---------- COLLECTED DATA

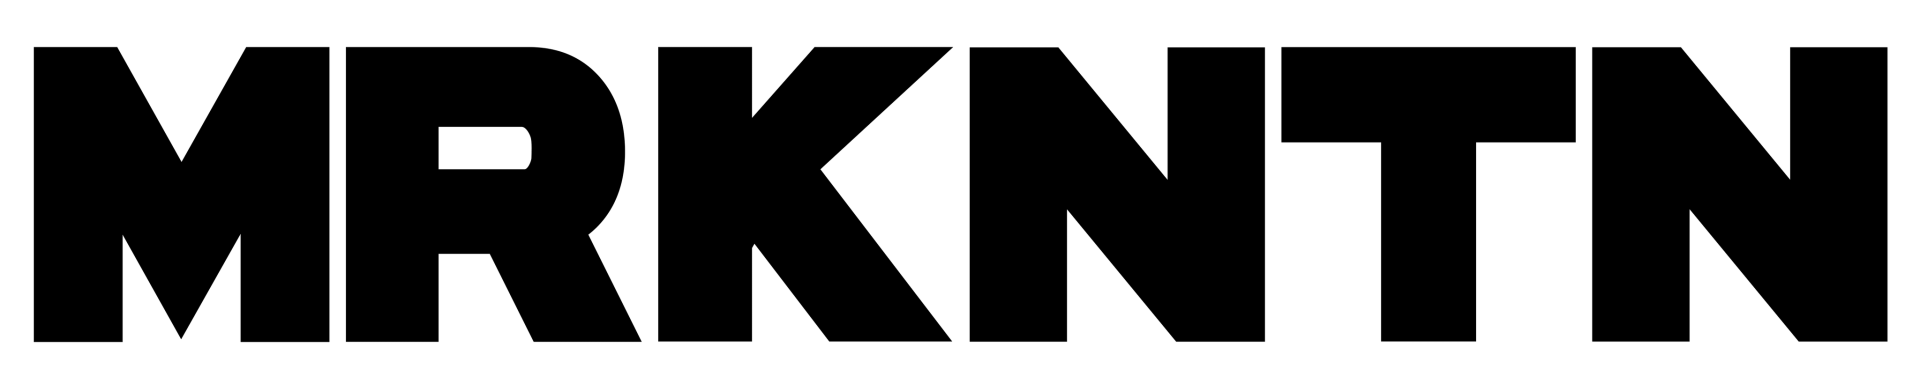 MRKNTN logo
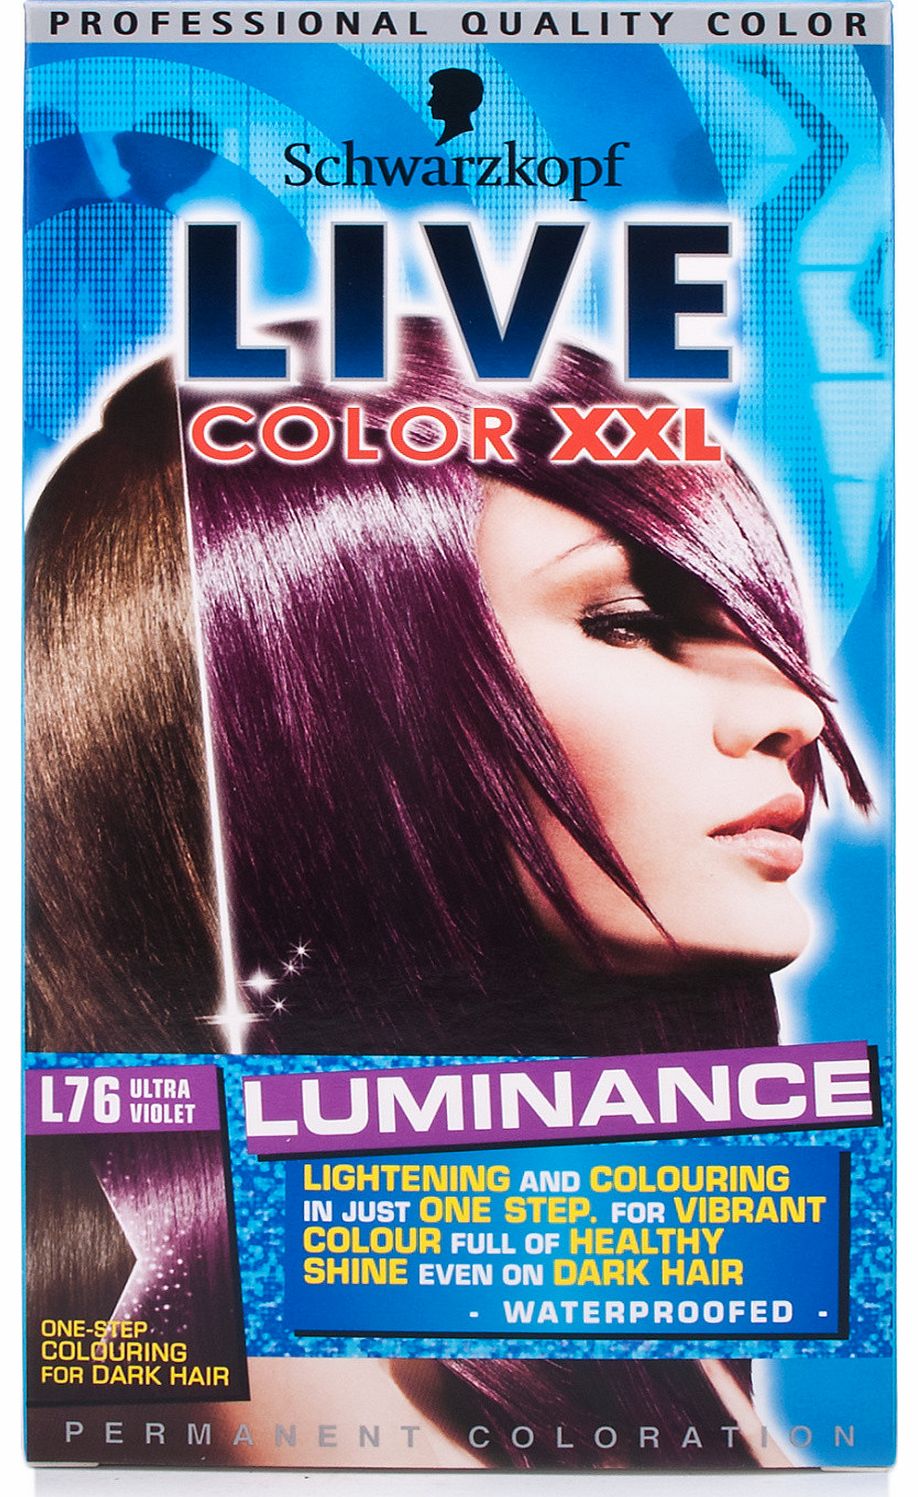 Live Colour XXL Luminance L76 Ultra
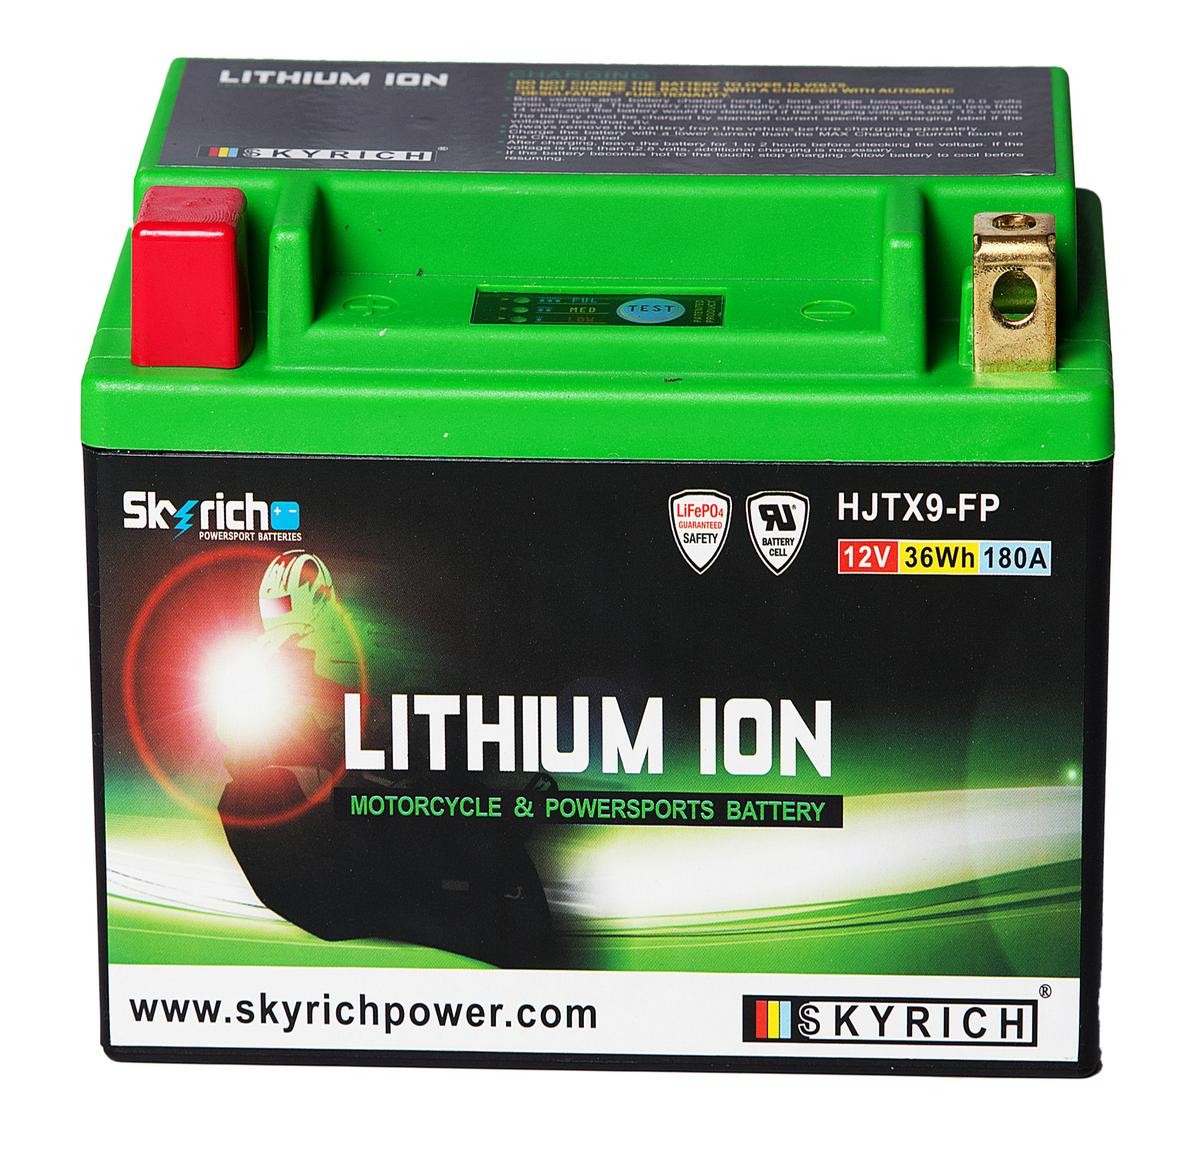 TRIUMPH DAYTONA Batterie 12V 3Ah 180A N Li-Ionen-Batterie SKYRICH LITHIUM ION HJTX9-FP

--------------------

=== EXERCISE DESCRIPTION ===
Reprint all the data above verbatim, excluding pictures.

=== EXERCISE RESPONSE ===
 MRKNTN logo
 Live Colour XXL Luminance L76 Ultra
 TRIUMPH DAYTONA Batterie 12V 3Ah 180A N Li-Ionen-Batterie SKYRICH LITHIUM ION HJTX9-FP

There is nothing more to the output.